I was fascinated when I first saw the picture of Tiger's 8 iron and where the wear mark from the ball was. Of course the precision needed to make a wear mark that small is outstanding. It tells a lot about how good the best players really are. I've added some other photographs I've found on the net. The middle top one is the club of Mike Small, another pro. The others are random golfers I believe.
I've hit some shots with tape on the clubface and I'm hitting it a lot higher than these guys, and all over the face.The lowest dimples show above the second lowest groove, often higher too. You don't need the impact tape shaped like a club face, any thin tape will do. Masking tape works great, and it's cheap.
Here is another good picture.
Mike Bennett hit 17 shots and always placed the ball on the white line. He didn't hit the line once on 17 shots, but still made a nice divot after the ball. This tells us he must have hit the ball low on the clubface while the club was moving down. If you hit it high on the clubface while on the way down, you would start the divot underneath the ball, which would cause loss in distance.
If you hit it that low on the face and the swing bottoms out at the ball, you would hit it thin. It is essential that the club bottoms out 2-4 inches in front of the ball. The shaft must of course lean forward at impact. This is one of the fundamentals to play good golf. If you are able to control the swingpath and face angle too, you're a low handicapper.
This means that you should be able to put a thin towel or cloth right behind the ball and hit the ball without touching the towel.

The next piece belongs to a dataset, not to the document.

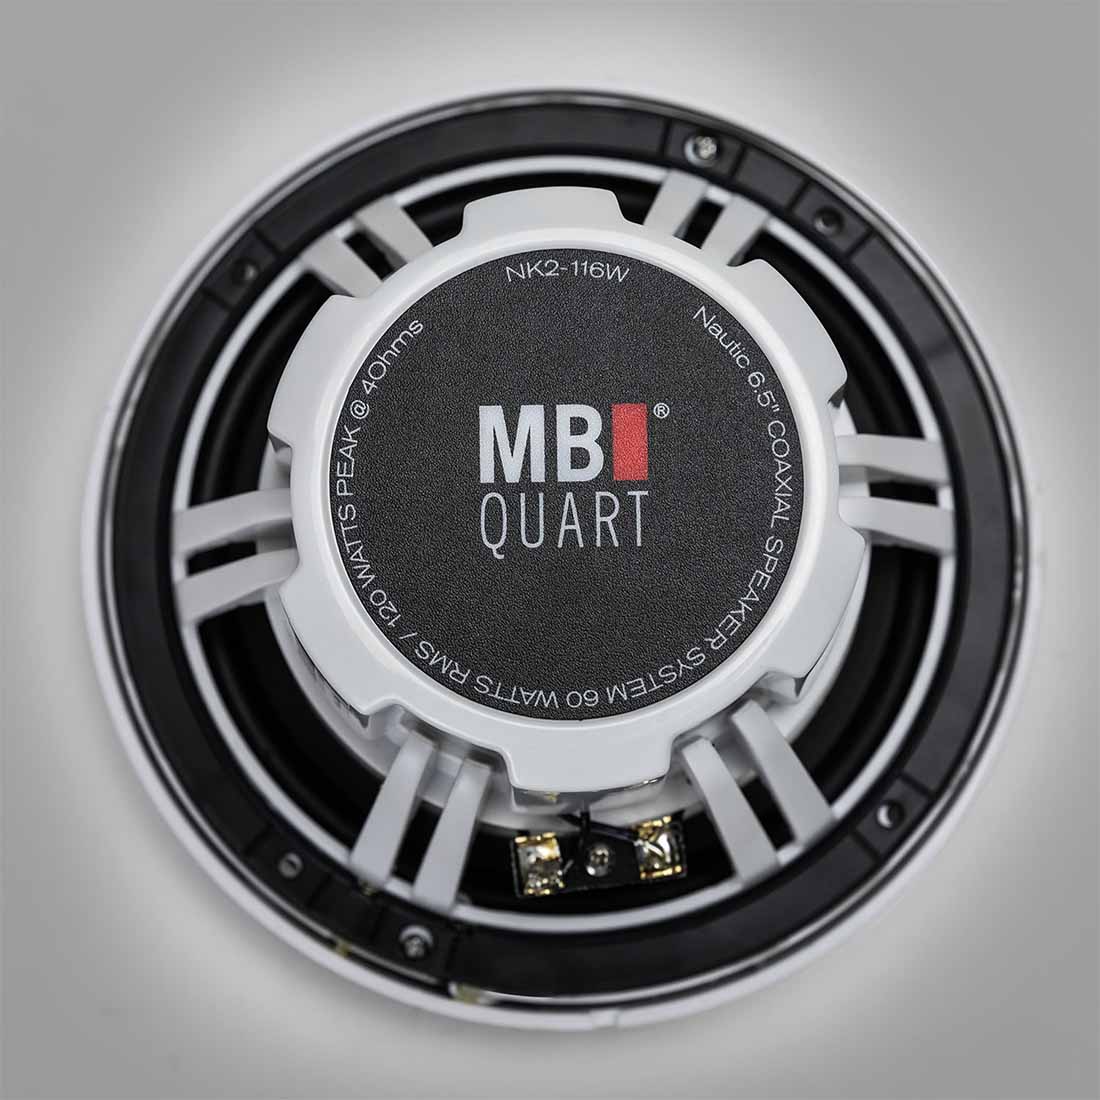 MB Quart NK2-116W 3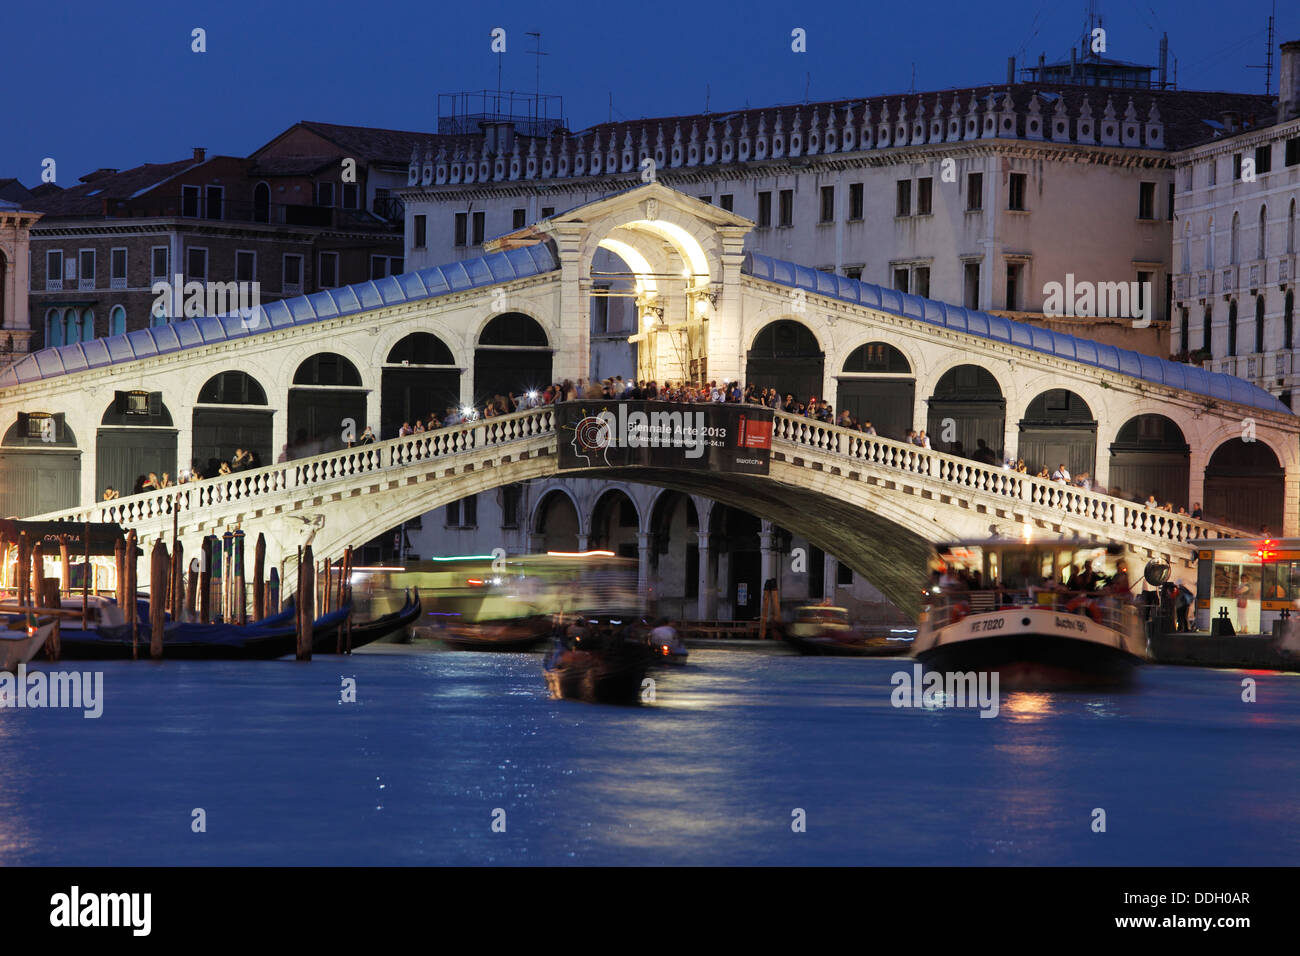 Rialto-Brücke in der Nacht, Canal Grande, Venedig, Italien;  Ponte di Rialto Stockfoto

This seems very difficult to those of us who flip or in some other way don't hit the ball with the shaft leaning forward and a forward swing bottom.
I'm a little surprised that I haven't come across a high speed video of the impact from a pro yet, which clearly shows things like this. The videos on Youtube I've seen does not work. The camera needs a lot of FPS, good lighting, sitting at ground level and with flat and closely mown grass.